Only a cloud-based SWG offers the same protection no matter where users connect. Sitting inline between users, the web, and SaaS, it can terminate every connection inline, inspect all internet traffic, and apply user-centric security and access policy to eliminate your attack surface, prevent compromise, stop lateral movement, and halt sensitive data loss.
How SASE Helps
SASE’s cloud-delivered architecture combines a host of different networking and security services into one platform, including DNS security, SWG, zero trust network access (ZTNA), and DLP. Additionally, SASE pairs well with an SD-WAN and works for a variety of use cases:
Reducing IT cost and complexity: An effective SASE solution is easy to deploy and manage, enabling digital transformation without the technical debt brought on by legacy architecture.
Delivering a great user experience: SASE brings security policies close to the user to eliminate unnecessary backhauling, provide optimal bandwidth, and ensure low latency.
Lowering risk: With SASE, all connections are inspected and secured in real time, no matter who come from, which app is being accessed, or which encryption method is being used.
Zscaler is the magnum opus of my security stack.

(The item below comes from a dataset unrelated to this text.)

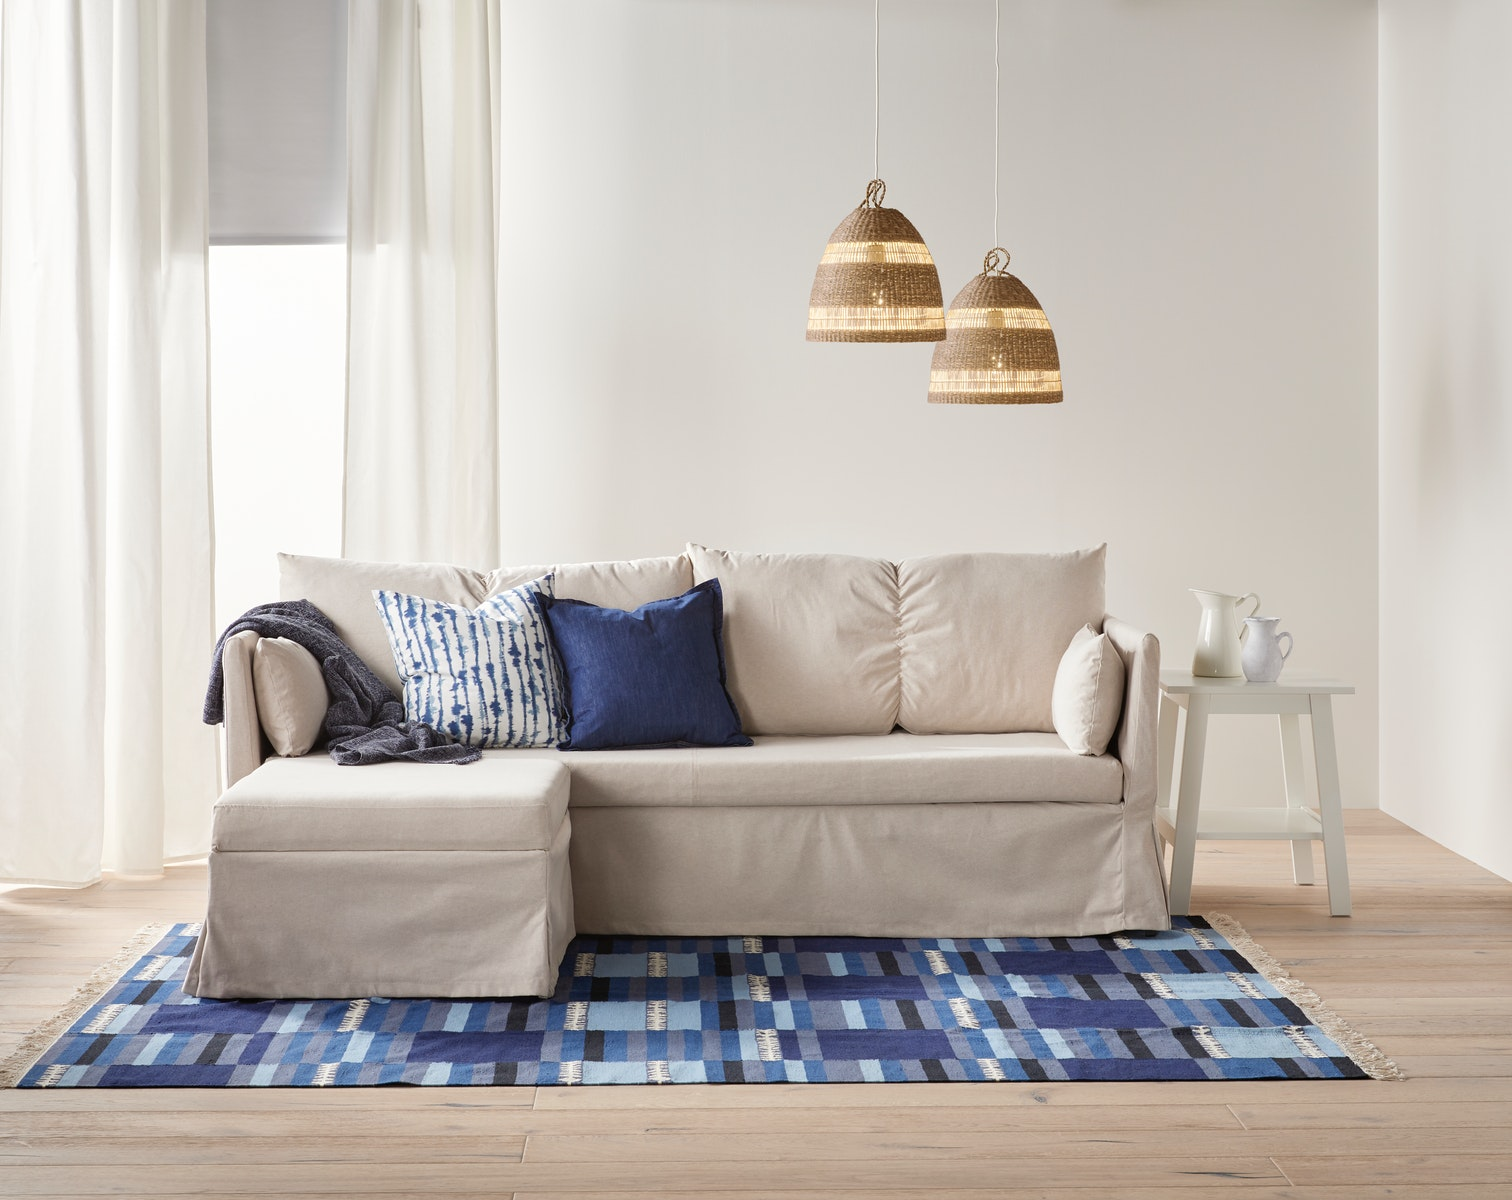 7 Pilihan Sofa Ruang Tamu Kecil Agar Ruangan Terasa Lebih Luas Ikea Indonesia Sofa ruang tamu kecil

Brad Moldenhauer, Director of Information Security, Steptoe & Johnson LLP
Firewalls and SWGs perform similar tasks, but they’re not one and the same. Firewalls review the contents of incoming packets and compare their findings against a signature of known threats at the network level only. SWGs operate at the application level, and they can block or allow connections or keywords according to an organization’s web use policy.
Is a Web Gateway a Proxy?
Web gateways and proxies have key differences. A proxy server and a gateway both route traffic from a network to the internet, but a proxy server filters which connections are allowed, while a gateway doesn't do any filtering. In this sense, a gateway more closely resembles a door to get to the internet, and a proxy server a wall that bars the inside of the network from being exposed to the internet.
Is a SWG a VPN?
Secure web gateways (SWGs) and virtual private networks (VPNs) both have roles in securing traffic, but they are far from the same technology. SWGs primarily focus on protecting users and devices by preventing web-based threats and enforcing an organization’s web policies, whereas VPNs provide encrypted, private connections over public networks to support remote work, bypass geographical web content restrictions, etc.